-- Records shown --
_____

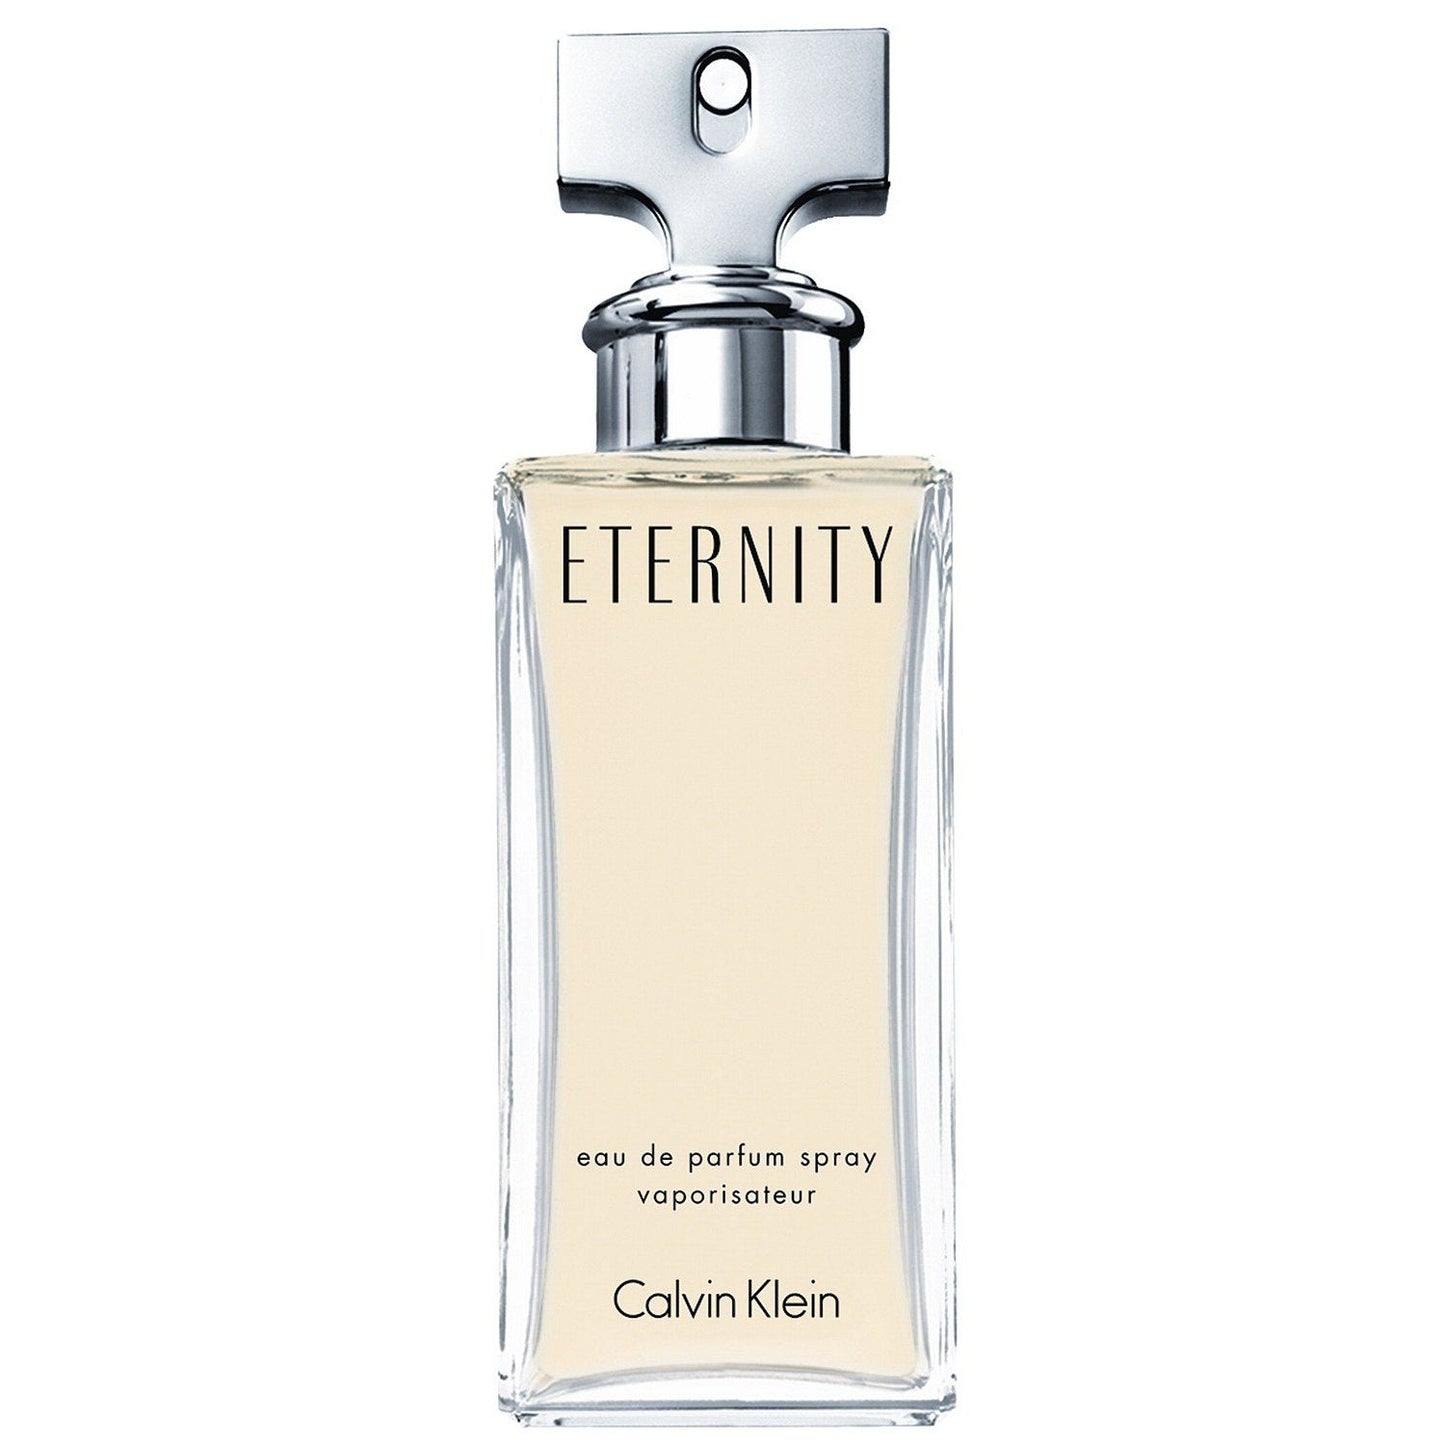 CALVIN KLEIN - Eternity For Her Eau de Parfum, 3.4 oz
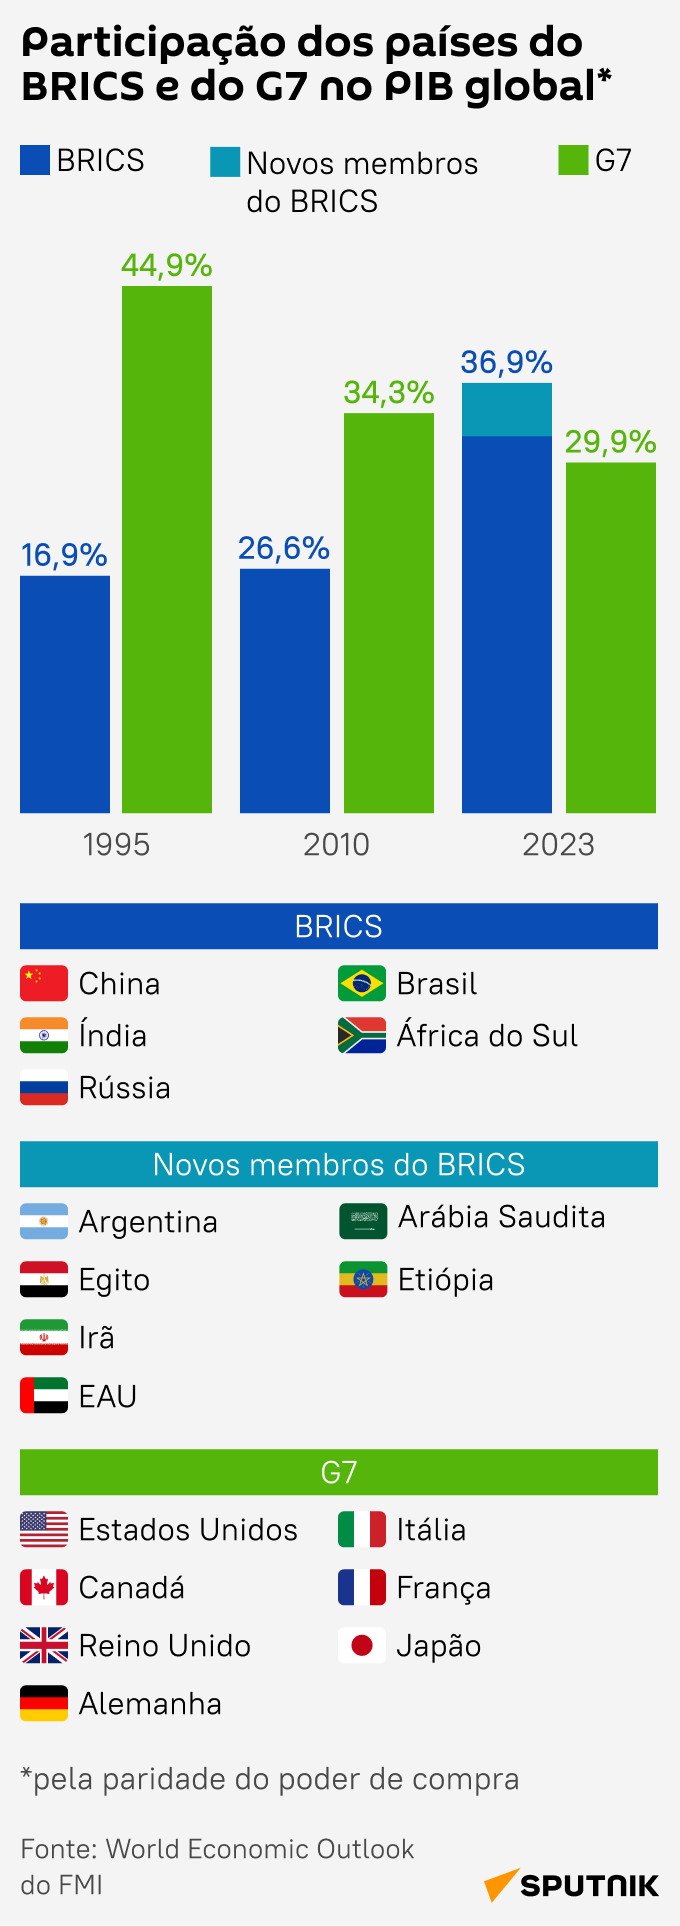 Compare a participação do BRICS no PIB global após ingresso de novos membros com a do G7 - Sputnik Brasil
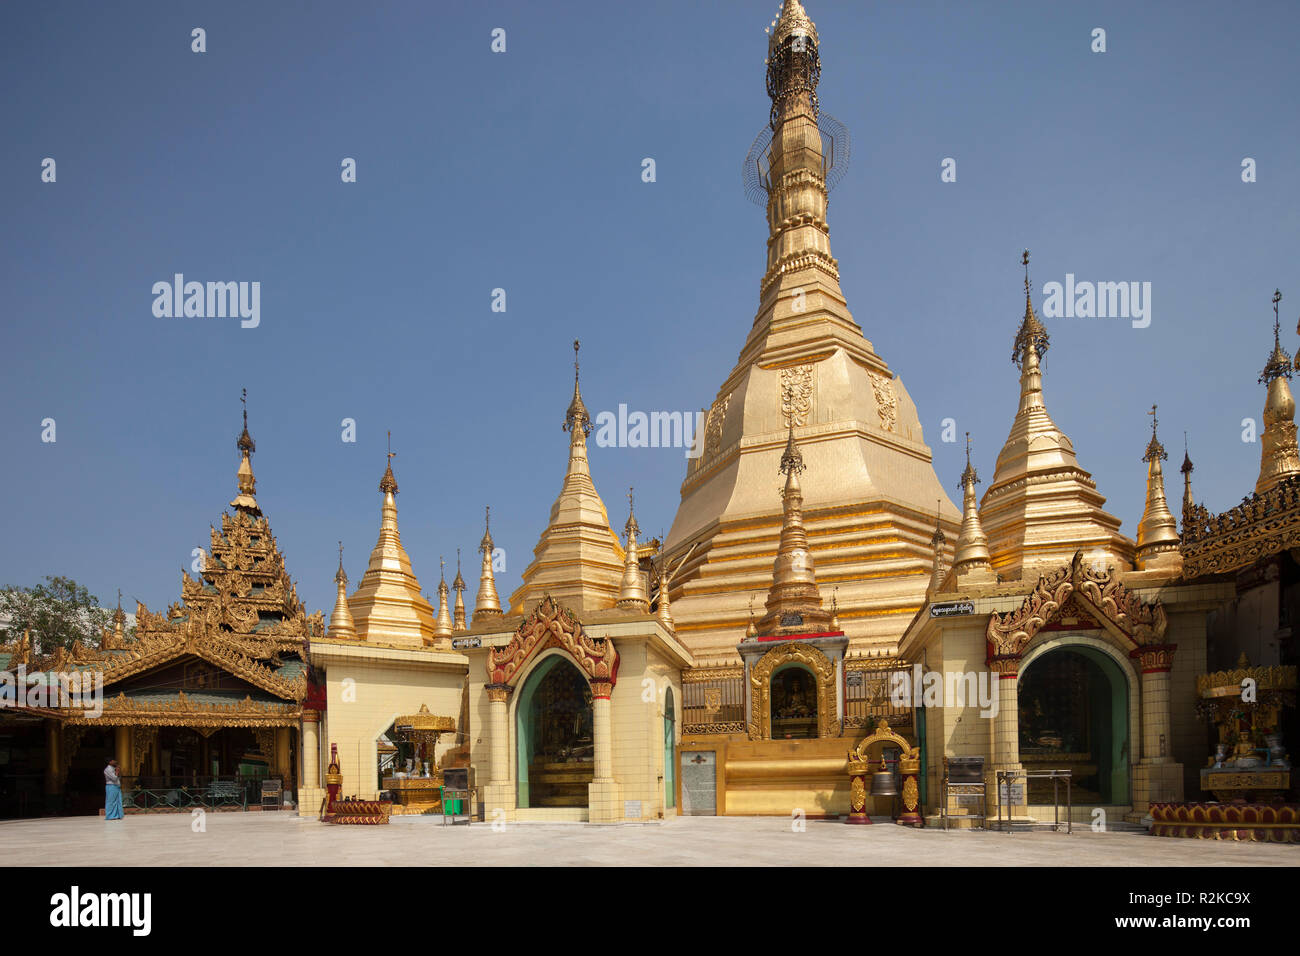 Sule pagoda, Yangon, Myanmar, Asia Stock Photo
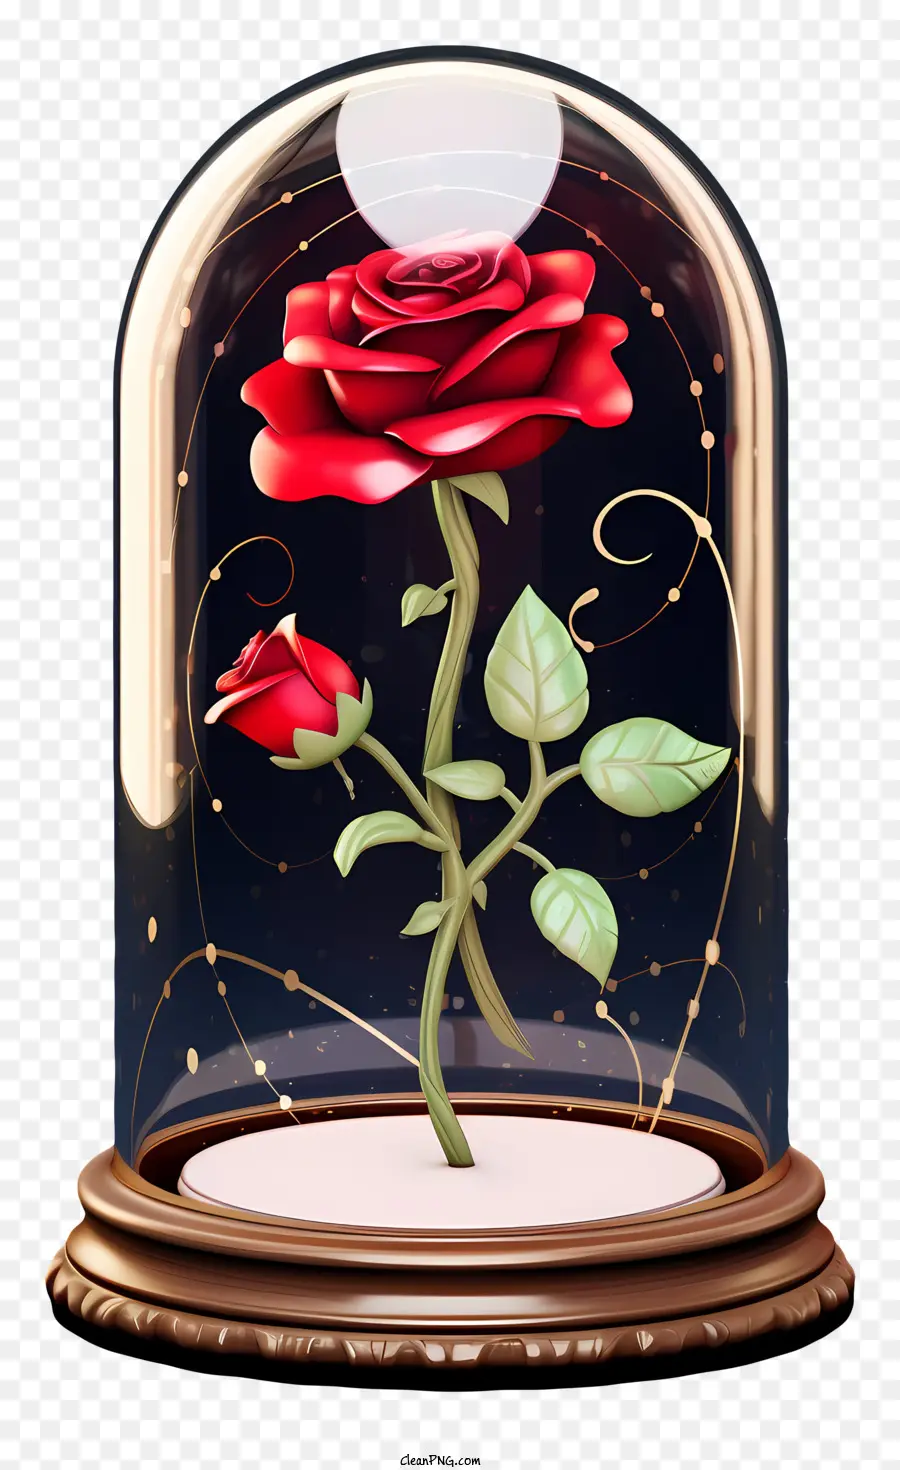 bông hồng đỏ - Red Rose trong vòm thủy tinh với những ngôi sao vàng
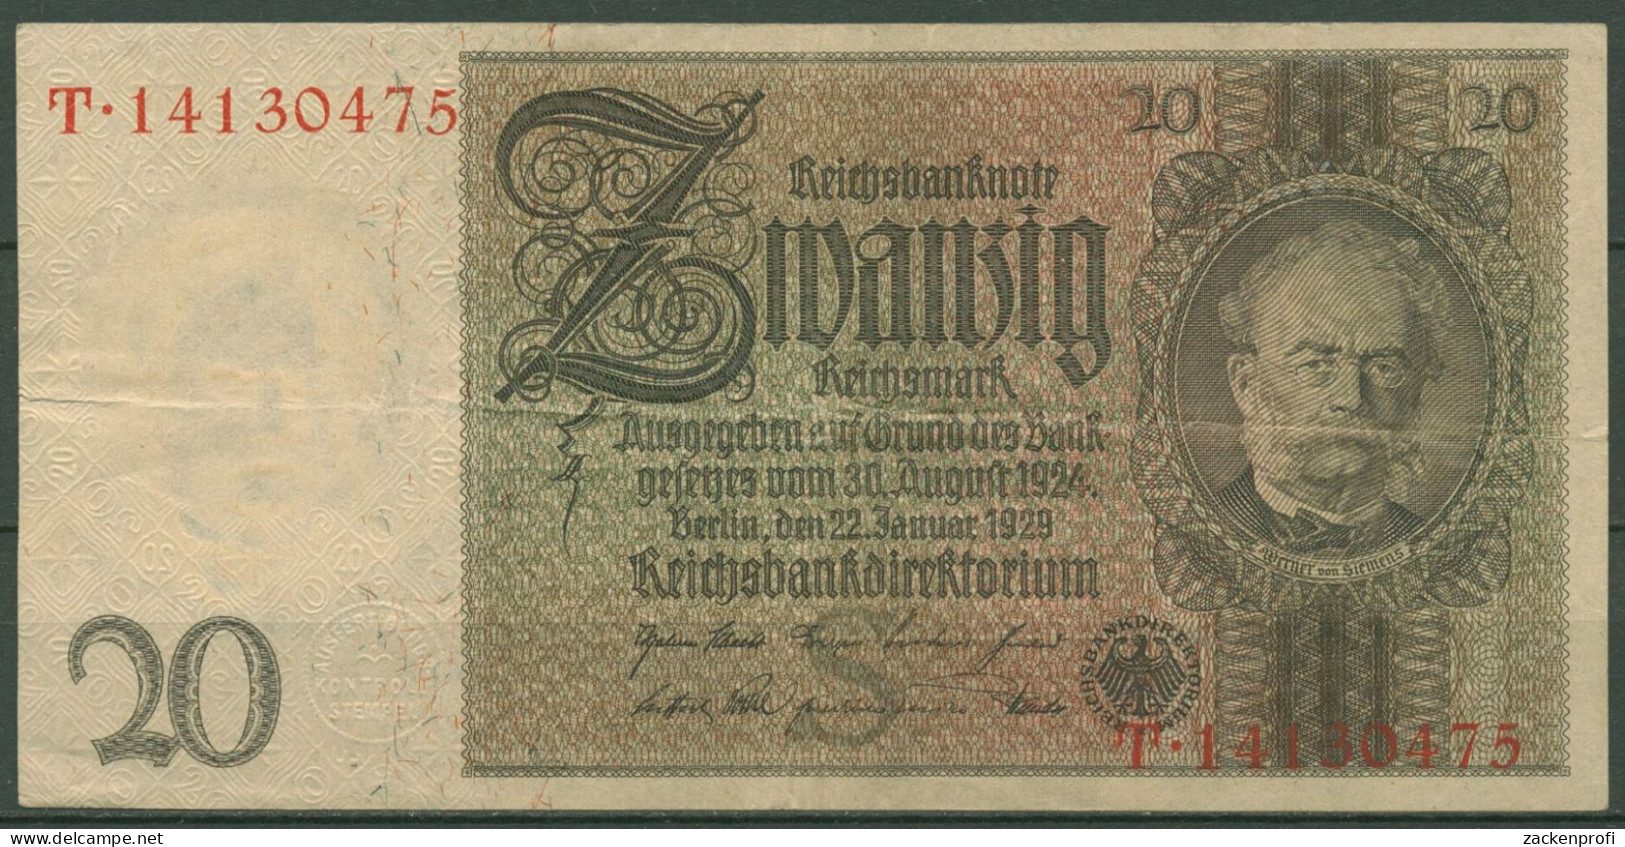 Dt. Reich 20 Reichsmark 1929, DEU-184a Serie S/T, Gebraucht (K1509) - 20 Mark

_____

-- Description of the task --
Could the lines from the first entry through the line that contains "Sule pagoda, Yangon, Myanmar, Asia" be copied exactly, with all pictures left out?

-- Task solution --
 CALVIN KLEIN - Eternity For Her Eau de Parfum, 3.4 oz
 Compare a participação do BRICS no PIB global após ingresso de novos membros com a do G7 - Sputnik Brasil
 Sule pagoda, Yangon, Myanmar, Asia Stock Photo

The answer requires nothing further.